En marzo de 2018, comienza con dolor en los dedos de las manos, apreciándose cianosis. Se solicitó TC-CTAP donde la enfermedad neoplásica permanecía estable, pero se podían apreciar imágenes compatibles con infartos a nivel esplénico y renal. Debido a la alta sospecha de una posible endocarditis, se solicitó una ecocardiografía transesofágica (ETE).

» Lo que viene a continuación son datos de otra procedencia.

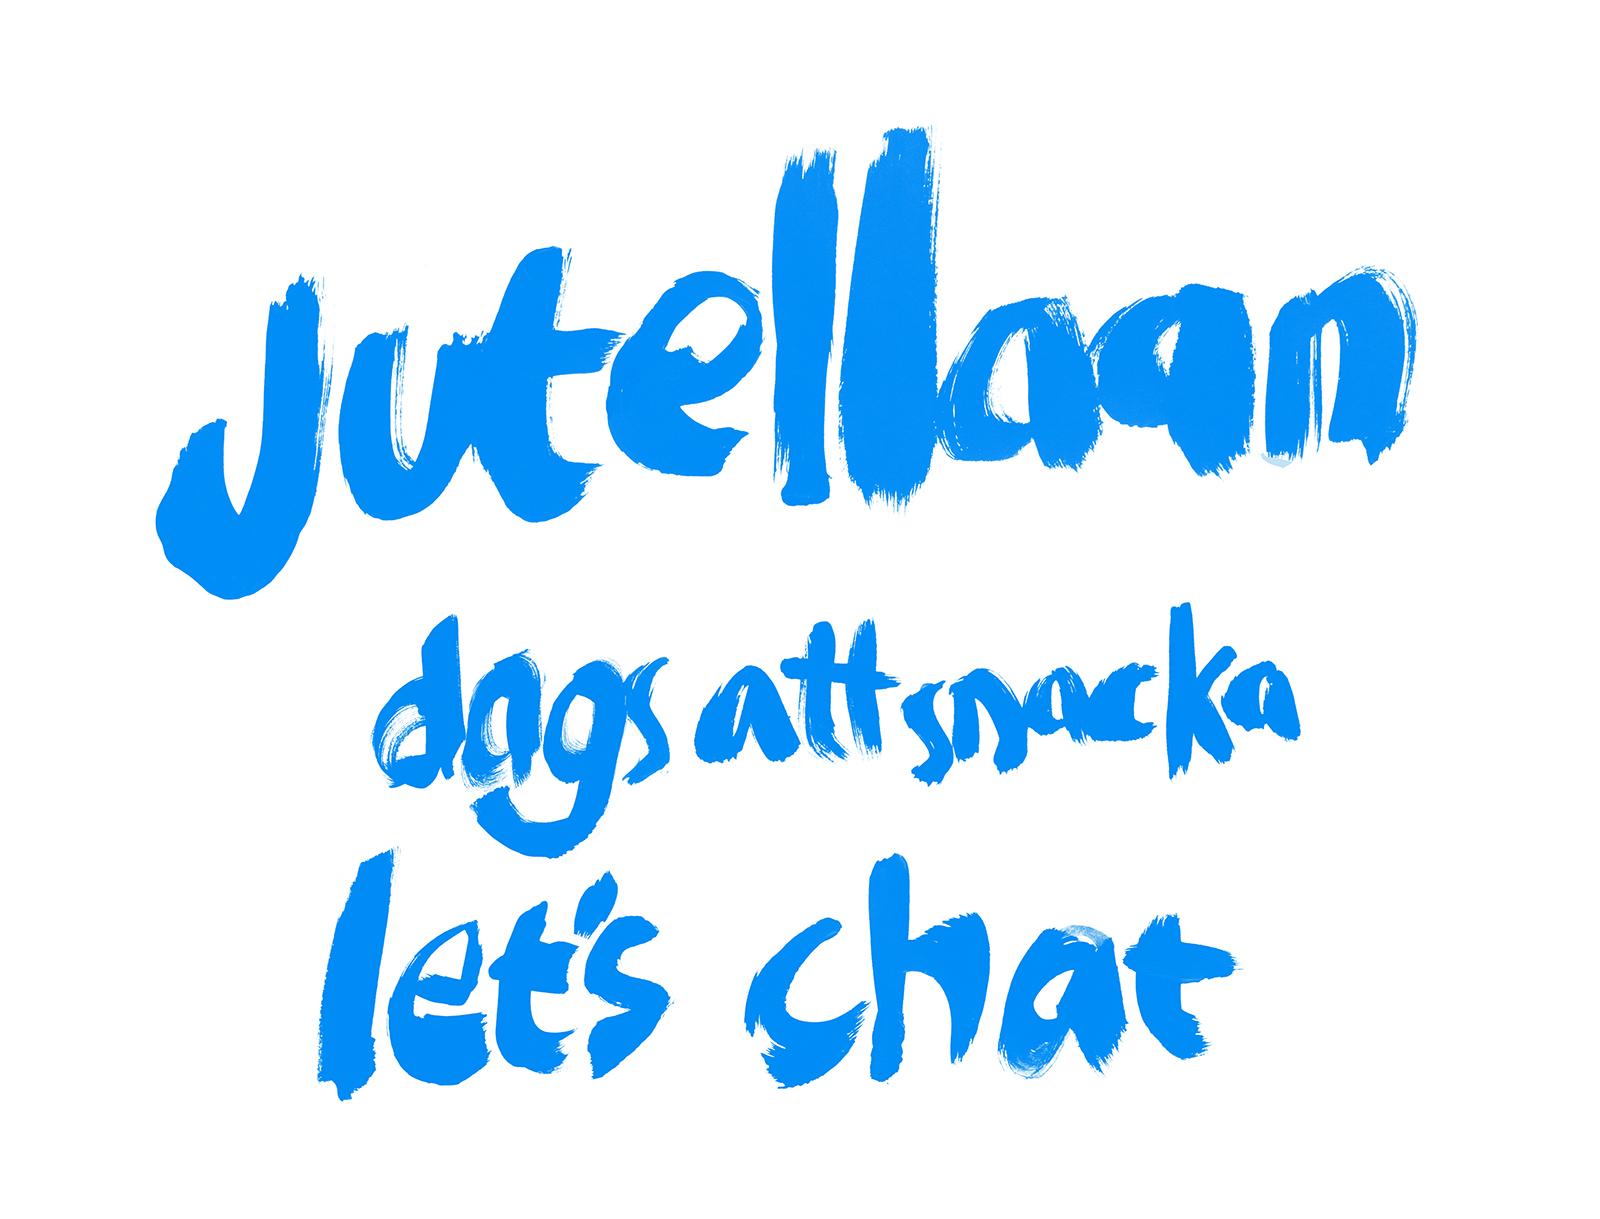 YTHS_design_juttupoyta_typography
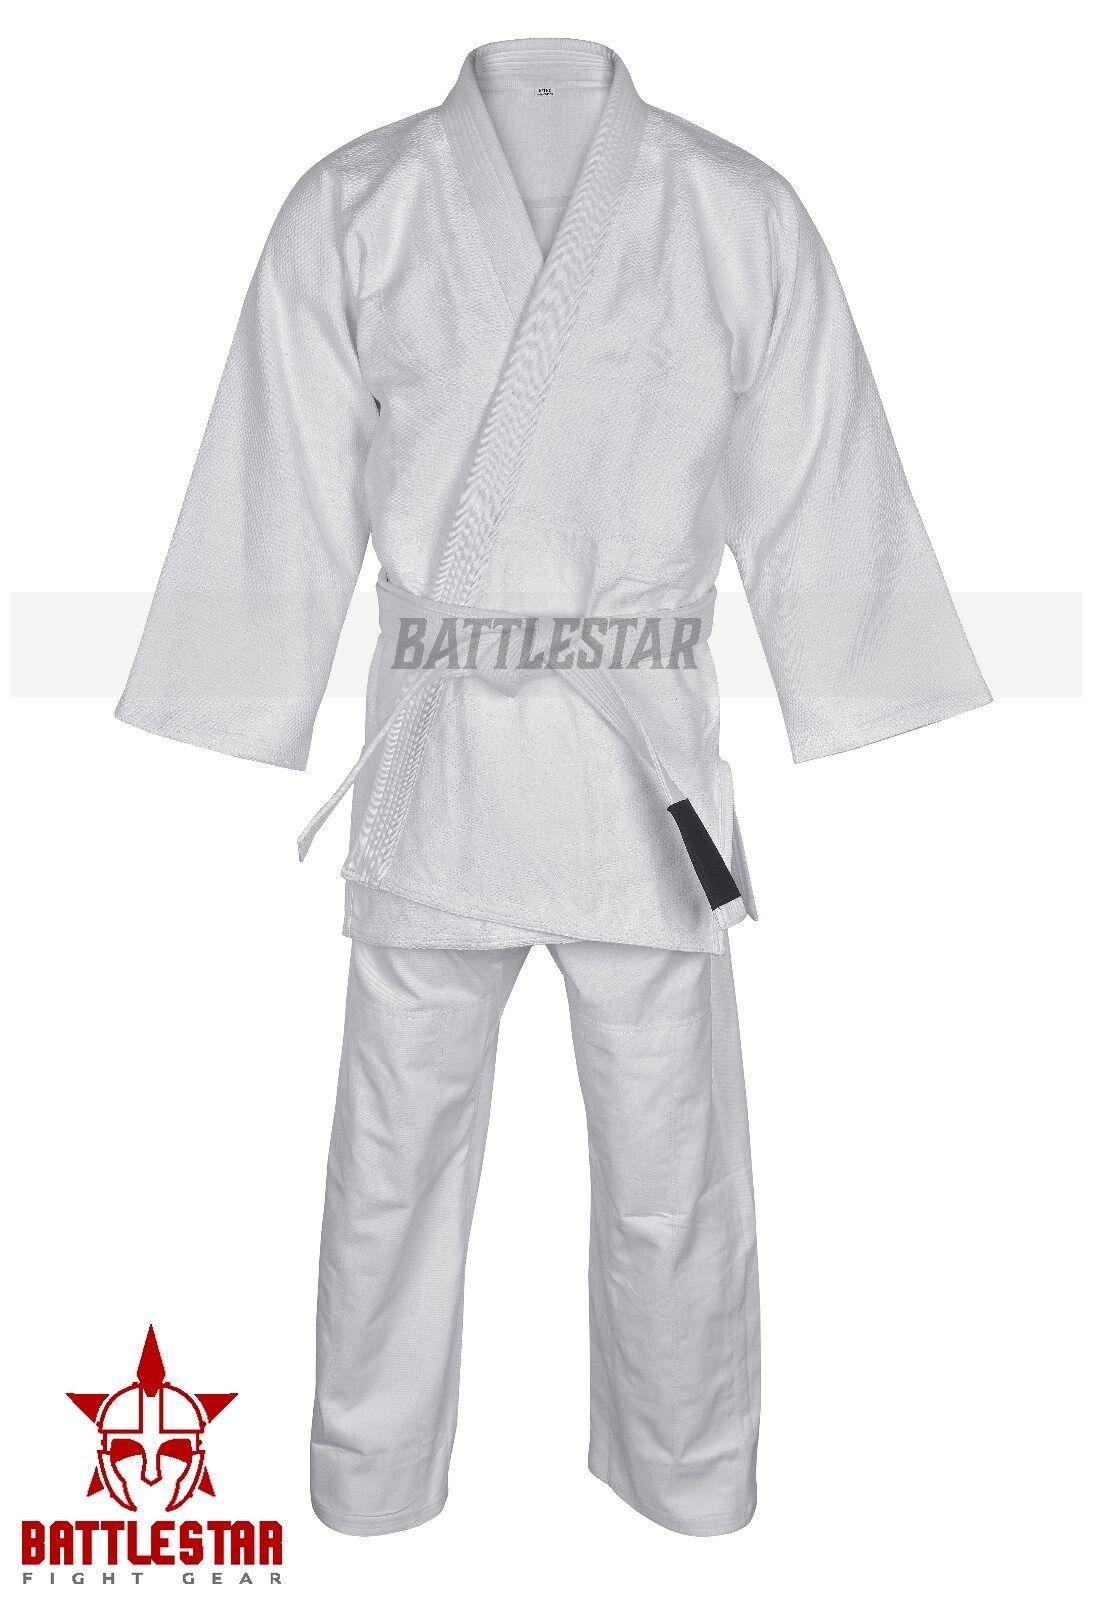 JUDO CONTEST Uniform  SUIT,Heavy duty double Weave 550 GSM WHITE ADIDAS STYLE Gi

En la ETE, en la válvula mitral anterior de la pared auricular, se observaban dos masas sésiles (0,4 x 0,4 y 0,6 x 1 cm) y presentaba una insuficiencia mitral leve.

Diagnóstico
Con la sospecha inicial de endocarditis infecciosa, permaneció hospitalizado en la Unidad de Enfermedades Infecciosas de nuestro hospital.

Tratamiento
El paciente completó antibioterapia endovenosa con ceftriaxona, vancomicina y gentamicina durante cuatro semanas. Durante el periodo de hospitalización, se realizaron pruebas microbiológicas adicionales (hemocultivos estándar y de incubación prolongada, PCR universal en hemocultivo, serologías de Brucella spp, Salmonella spp, Coxiella burnetii, Bartonella spp, Chlamydia spp, Mycoplasma spp, Treponema pallidum y Toxoplasma gondii), resultando negativas y descartándose razonablemente el origen infeccioso. Asimismo, se repitió una RM cerebral (estabilización de focos isquémicos) y ETE (persistencia de las dos vegetaciones).
Finalmente, tras un correcto diagnóstico de exclusión, fue diagnosticado como probable ETNB.

Evolución
En mayo de 2018, 4 meses después de la interrupción de la inmunoterapia, al considerar el caso como una probable ETNB y dado que la enfermedad neoplásica permanecía estable, se decidió reiniciar el tratamiento con nivolumab, mejorando progresivamente la cianosis. A día de hoy, el paciente continúa en respuesta clínica y radiológica, asintomático y con PS-ECOG 0.